Phase one

In this phase, a multicast receiver expresses its interest in receiving traffic destined for a multicast group. Typically, the receiver does this using IGMP or MLD, but other mechanisms may also serve this purpose. One of the receiver’s local routers is elected as the DR for that subnet. When the expression of interest is received, the DR sends a PIM join message toward the RP for that multicast group. This join message is known as a (*,G) join because it joins group G for all sources to that group. The (*,G) join travels hop-by-hop toward the RP for the group, and in each router it passes through, the multicast tree state for group G is instantiated. Eventually the (*,G) join either reaches the RP or reaches a router that already has (*,G) join state for that group. When many receivers join the group, their join messages converge on the RP and form a distribution tree for group G that is rooted at the RP. This is known as the RP tree and is also known as the shared tree because it is shared by all sources sending to that group. Join messages are resent periodically, as long as the receiver remains in the group. When all receivers on a leaf-network leave the group, the DR sends a PIM (*,G) prune message toward the RP for that multicast group. However, if the prune message is not sent for any reason, the state eventually times out.

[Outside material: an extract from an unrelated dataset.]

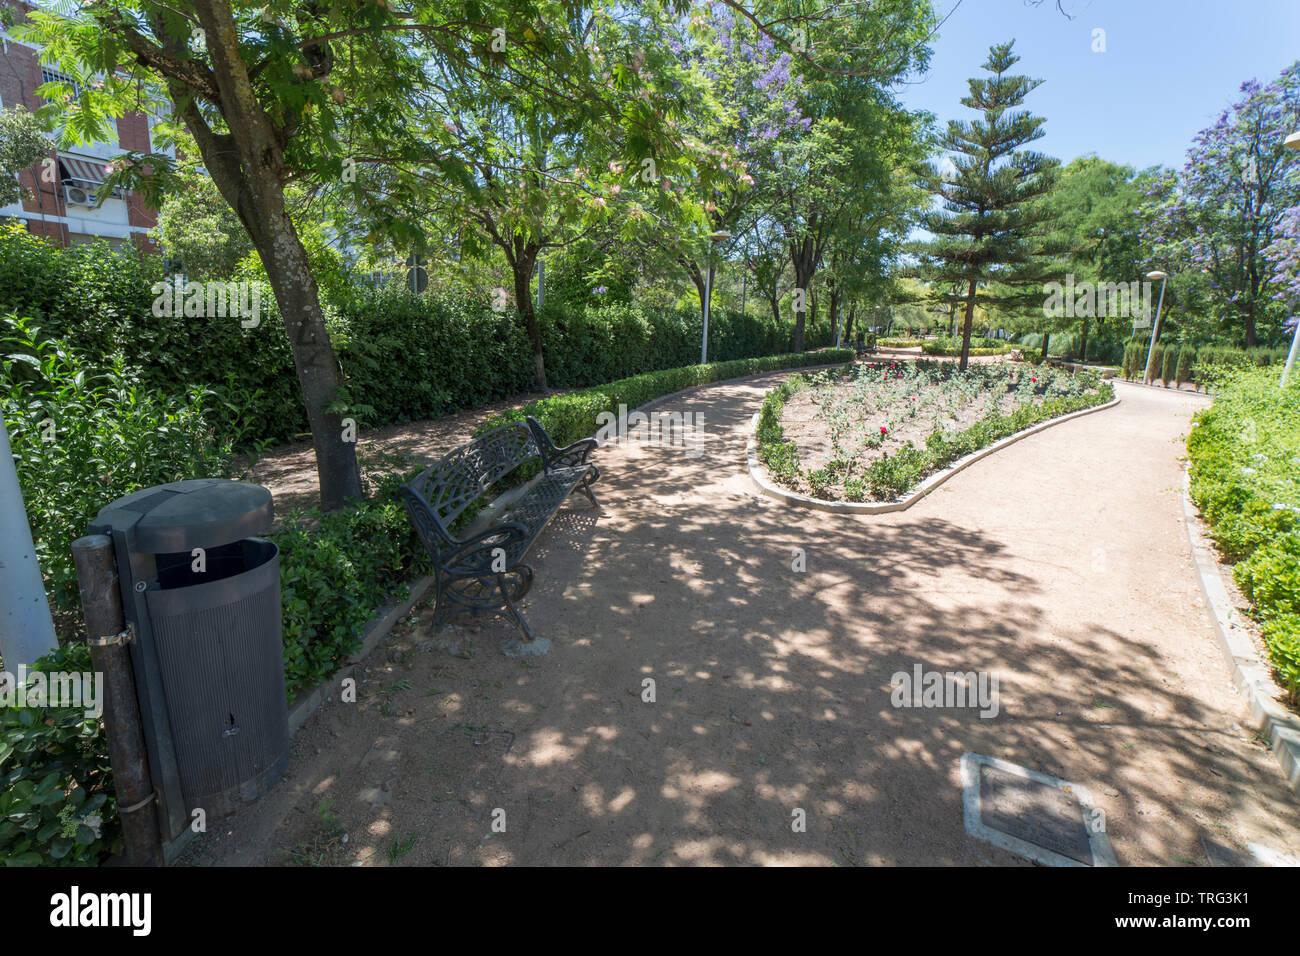 Cordoba, Spain - May 30th, 2019: Norte Sierra district. Cordoba, Spain. San Rafael gardens - Stock Image

A multicast data sender starts sending data destined for a multicast group. The sender’s local router (the DR) takes those data packets, unicast-encapsulates them, and sends them directly to the RP. The RP receives these encapsulated data packets, removes the encapsulation, and forwards them onto the shared tree. The packets then follow the (*,G) multicast tree state in the routers on the RP tree, being replicated wherever the RP tree branches, and eventually reaching all the receivers for that multicast group. The process of encapsulating data packets to the RP is called registering, and the encapsulation packets are known as PIM register packets.

At the end of phase one, multicast traffic is flowing encapsulated to the RP, and then natively over the RP tree to the multicast receivers.